La légiste a aussi relevé que la victime présentait un taux d’alcool dans le sang très élevé, supérieur à 1,9 gramme par litre, un facteur qui aurait retardé la perception de la douleur au moment de l’attaque. Sur les six impacts, trois blessures se situaient dans le dos et les trois autres sur le devant, dont une au niveau d’une cuisse. L’une des blessures près d’une épaule pourrait, elle, provenir d’un tir effectué d’en haut.

Pourtant, tenter de reconstruire l’ordre exact des tirs s’est avéré inutile. Les enquêteurs ont classé les balles de A à D pour les tirs attribués à Loïk Le Priol, réalisés en l’espace de quatre secondes, et les balles E et F pour celles de Romain Bouvier. La victime s’est tournée durant l’agression, ce qui brouilla définitivement toute chronologie précise. Après des interrogations insistantes de la défense à ce sujet, la médecin légiste a fini par perdre patience face aux tentatives d’esquive de l’avocat, insinuant qu’il lui arrivait même de se perdre dans la formulation de sa question.
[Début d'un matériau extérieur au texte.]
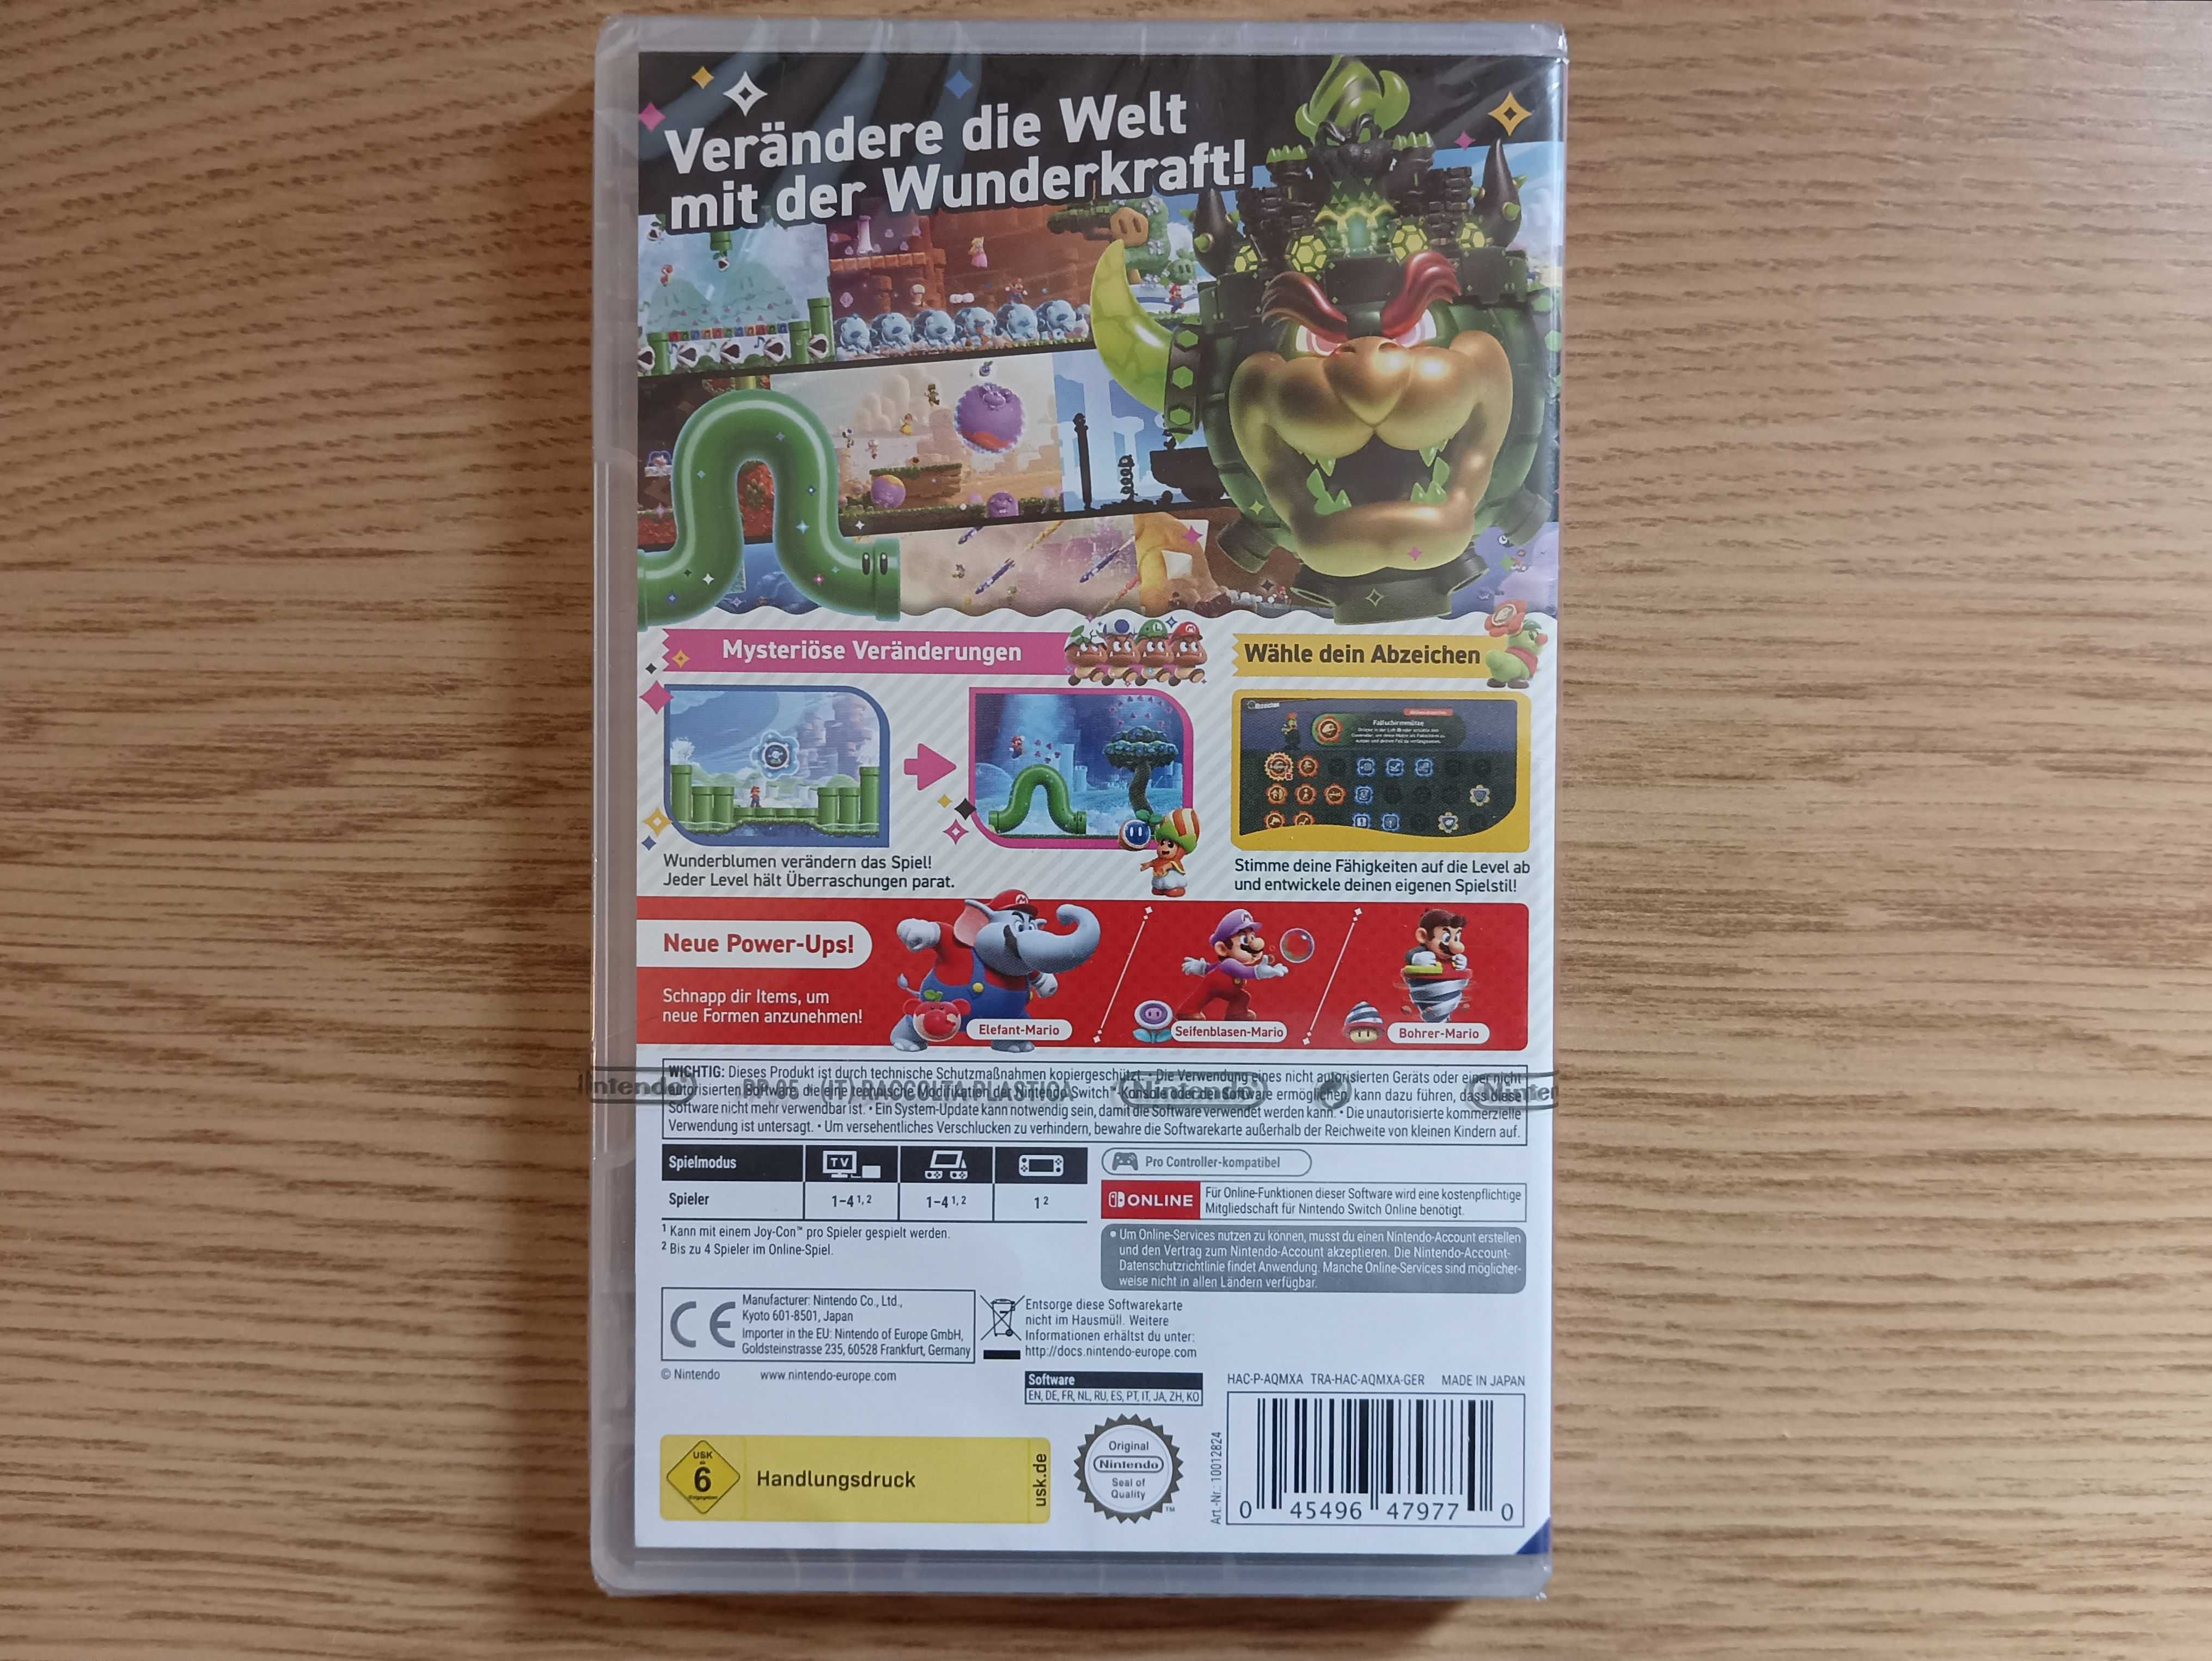 Super Mario Bros. Wonder na Nintendo Switch (nowa w folii)

En ce qui concerne la balle E, qui a frappé le torse de Federico à 1,21 m du sol, l’experte fut, au contraire, catégorique : la trajectoire ne peut être compatible avec un tir dirigé vers le bas. L’autre projectile provenant de l’arme de Bouvier avait atteint une cuisse, à 0,71 m du sol. En s’appuyant sur les divers éléments du dossier, les photographies et les témoignages, la forense a estimé que les deux derniers tirs furent mortels et qu’ils furent effectués alors que Martín Aramburú tournait le dos à son agresseur.

L’expert balistique, interrogé tôt le matin, était arrivé à des conclusions convergentes. Les quatre projectiles du revolver ne présentaient aucune déformation susceptible d’indiquer un rebond au sol. Une question inédite posée pour la première fois lors du procès par un membre du jury portait précisément sur la possibilité que les deux tirs de Bouvier aient visé le sol. L’expert écartera sans équivoque cette hypothèse, affirmant que les deux projectiles retrouvés dans le corps avaient été tirés directement vers la victime.

De fait, il a aussi écarté l’idée des tirs accidentels. Réaliser quatre tirs en quatre secondes implique, selon lui, une maîtrise évidente de l’arme, très différente de l’état de stupeur qui résulterait d’un tir accidentel. Concernant l’éventualité d’un tir d’avertissement, avancée par la défense, il s’est montré prudent : la logique voudrait qu’un intervalle d’un à deux secondes sépare l’avertissement du tir suivant, mais aucun élément matériel ne permet de confirmer ni d’infirmer cette hypothèse.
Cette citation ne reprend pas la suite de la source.